Presented to the Chamber of Deputies, the study by RINA, Assarmatori, and Confitarma for the decarbonization of the maritime sector

At the Refectory Hall of the Chamber of Deputies, RINA, Assarmatori, and Confitarma publicly presented the document “From Today to 2050: Between Challenges and Opportunities for the Maritime Industry.” The study, encompassing insights from the Italian Committee of RINA for the decarbonization of the maritime industry, aims to outline the current state and potential solutions within the sector.

 

The dialogue among shipowners, shipyards, designers, technology suppliers, and fuel providers has allowed the Committee to identify a uniform international regulatory system and collaboration among industry players as the primary catalysts for reducing CO2 emissions.

 

The study highlights the necessity for clear international standards implemented consistently—including interpretative guidelines applied differen tly by flag administrations—investment in research and development, adequate infrastructures to make clean fuels and new technologies available, and continuous training to safely manage new fuels. Numerous technological solutions have been examined for both existing and future fleets, such as biofuels (usable either blended with conventional fuels or in pure form), carbon capture and storage (currently the sole technology capable of making fossil fuels compatible with short-term carbon dioxide reduction objectives), liquefied natural gas (which enables around a 20% reduction in CO2 compared to traditional fossil fuels), small modular reactors (SMRs), cold ironing, and operational interventions to reduce consumption.

 

The decarbonization process involves both new vessels, incorporating cutting-edge technologies, and existing ships—potentially undergoing significant transformations, including engine replacements—to gradually decrease emissions. It is hoped that lawmakers will allocate most of the proceeds from the application of the Emissions Trading System (ETS) to the maritime sector, alongside FuelEU Maritime and future economic measures implemented internationally, incentivizing investments in new ships, technologies, and clean fuels.

 

The presentation was delivered by Andrea Cogliolo, Senior Director of the Marine Excellence Center at RINA, and Salvatore d’Amico, Chairman of the RINA Decarbonization Committee, who emphasized the unity within the shipping world in this effort, demonstrating that “together, we navigate with even greater safety.”

 

Mariella Amoretti, President of Confitarma, stated, “The shipping sector is facing the challenge of balancing its vital role in global trade with the need to adopt more sustainable practices to effectively contribute to decarbonization. Shipowners are operating with responsibility and conviction, investing their own capital in studies and experiments.
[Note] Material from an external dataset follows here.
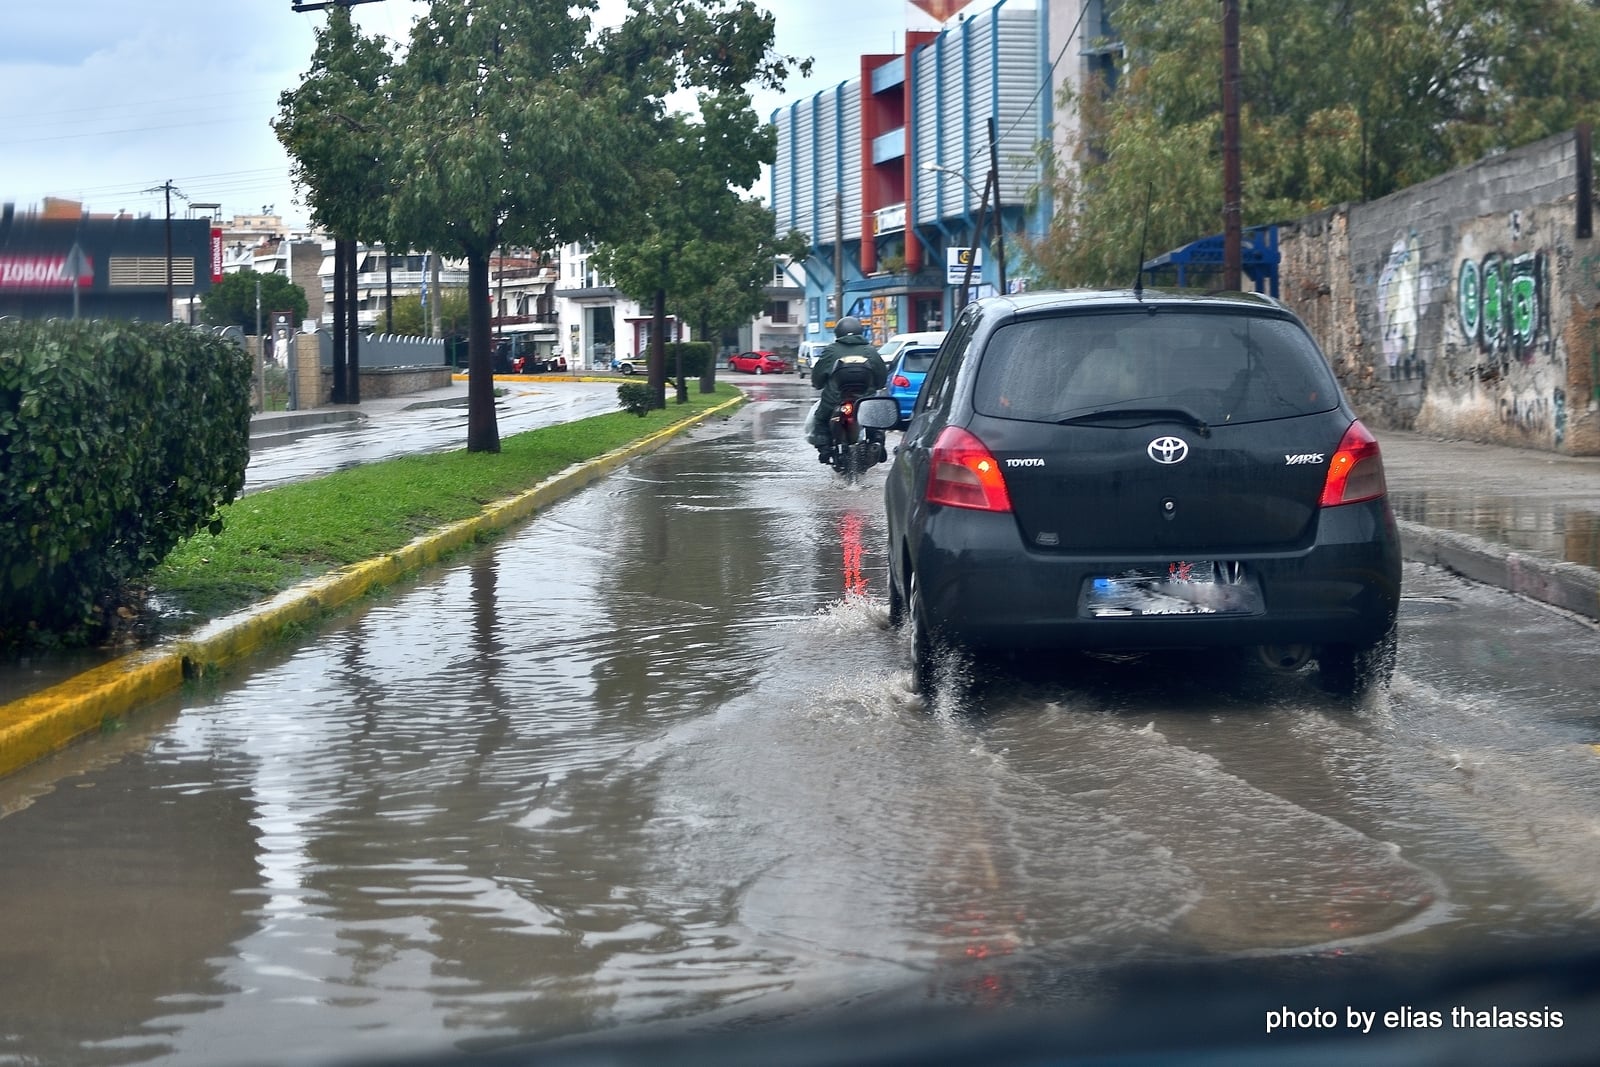 Εύβοια Χαλκίδα: Σε λίμνη μετατράπηκαν δρόμοι από την βροχή – Προσοχή στα διερχόμενα αυτοκίνητα [εικόνα]
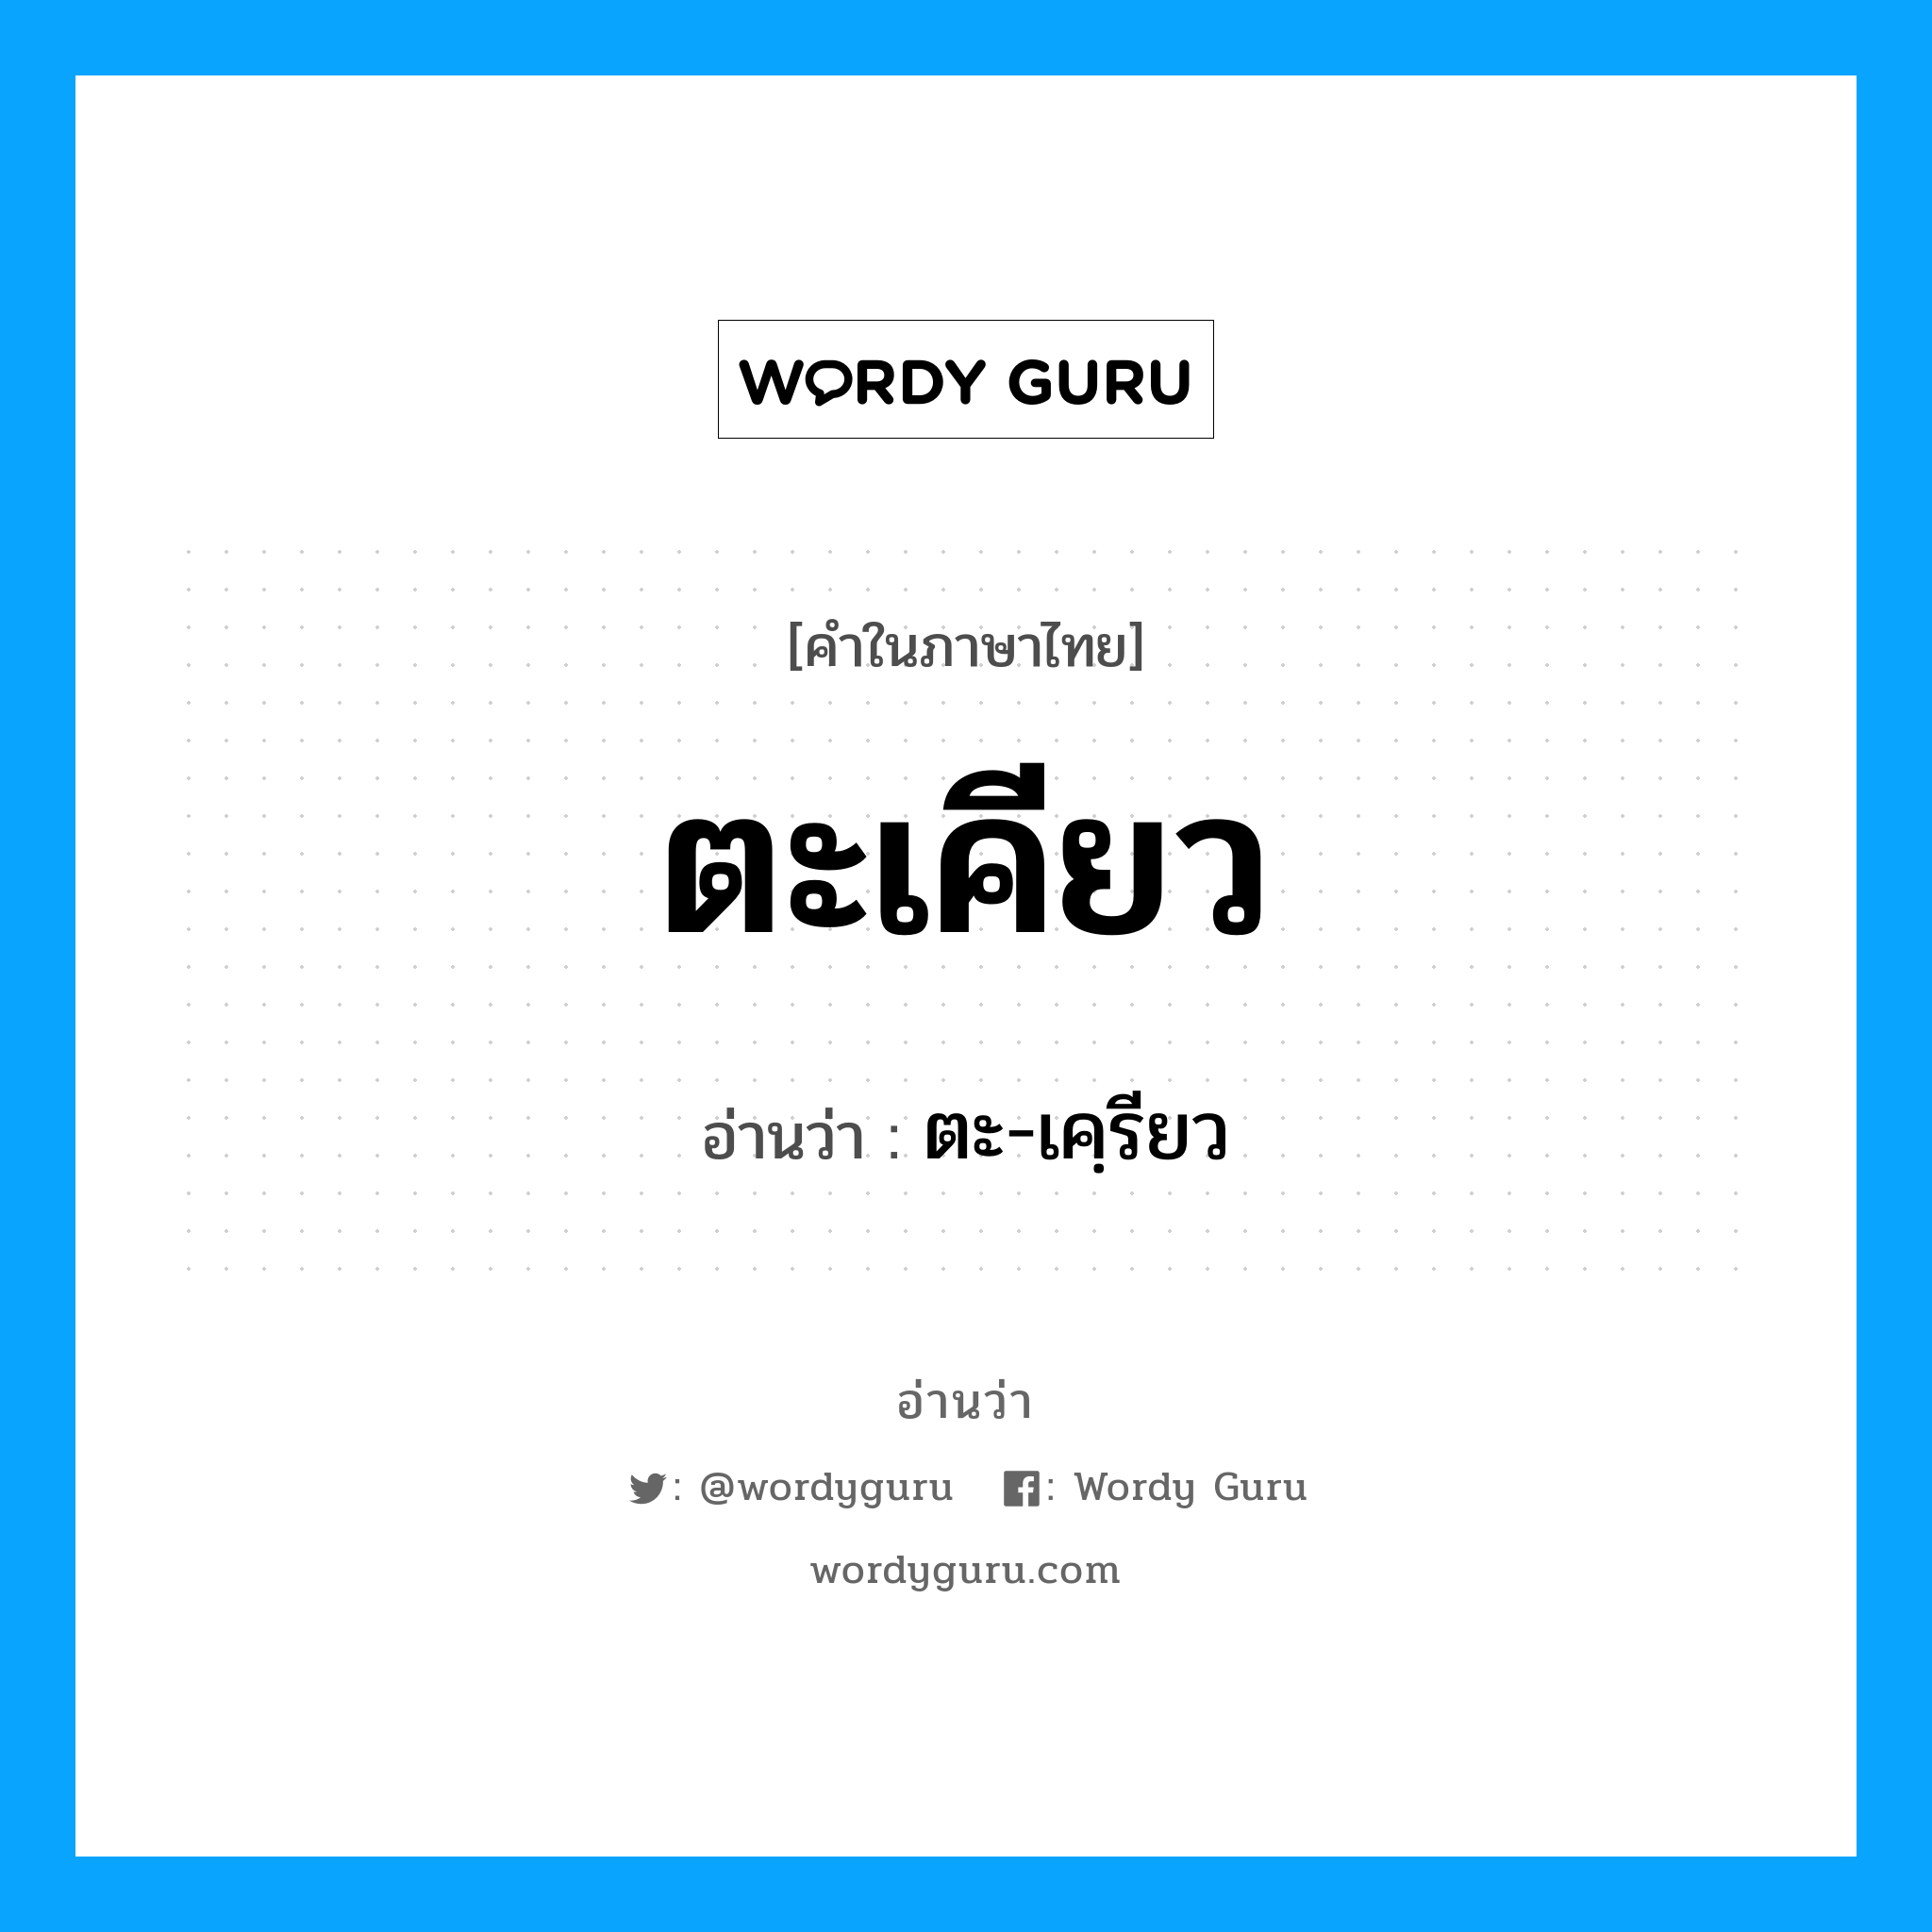 ตะ-เคฺรียว เป็นคำอ่านของคำไหน?, คำในภาษาไทย ตะ-เคฺรียว อ่านว่า ตะเคียว

However, it is concerning that despite this and despite shipping being the least polluting mode of transportation per unit of goods transported, it will be included in the ETS system, leading to an inevitable increase in transportation costs to and from Union ports. The study we present today reveals that there is no single technological solution for achieving zero-emission shipping yet, and we must realistically focus on an energy mix that meets different needs depending on the type of vessel. The journey is long and complex, and the determination of shipowners alone is not sufficient. We trust that the Government will support national enterprises in this endeavor, following the example of other maritime countries, to preserve the competitiveness of the national maritime industry in international markets.”

 

Stefano Messina, President of Assarmatori, stated, “Maritime transport is at the forefront of the decarbonization process and intends to continue playing its part with utmost effort from various perspectives. The newest ships are equipped with the best available technology to reduce emissions, while older vessels have undergone refitting that significantly reduced their carbon footprint. Alongside this, in-depth and authoritative studies like the one we have presented today demonstrate the willingness to continue on this path, a common denominator for the Italian fleet. What emerges clearly is the need for uniform international regulations, as maritime transport is inherently international; conversely, regionally based rules risk being counterproductive. The credibility of the wide audience that has decided to delve into this document demonstrates the centrality of our industrial sector in the Italian economy.”

 

Ugo Salerno, Executive Chairman of RINA, stated, “Shipping is one of the most ‘hard to abate’ industrial sectors, and it is in the national, European, and international interest to reduce its emissions. The available technologies for the sector are diverse, as are the types of vessels and the needs of shipowners. However, effective and sustainable change can only occur if led by regulatory uniformity. The maritime industry and port infrastructures constitute a system that could represent a model in achieving decarbonization objectives.”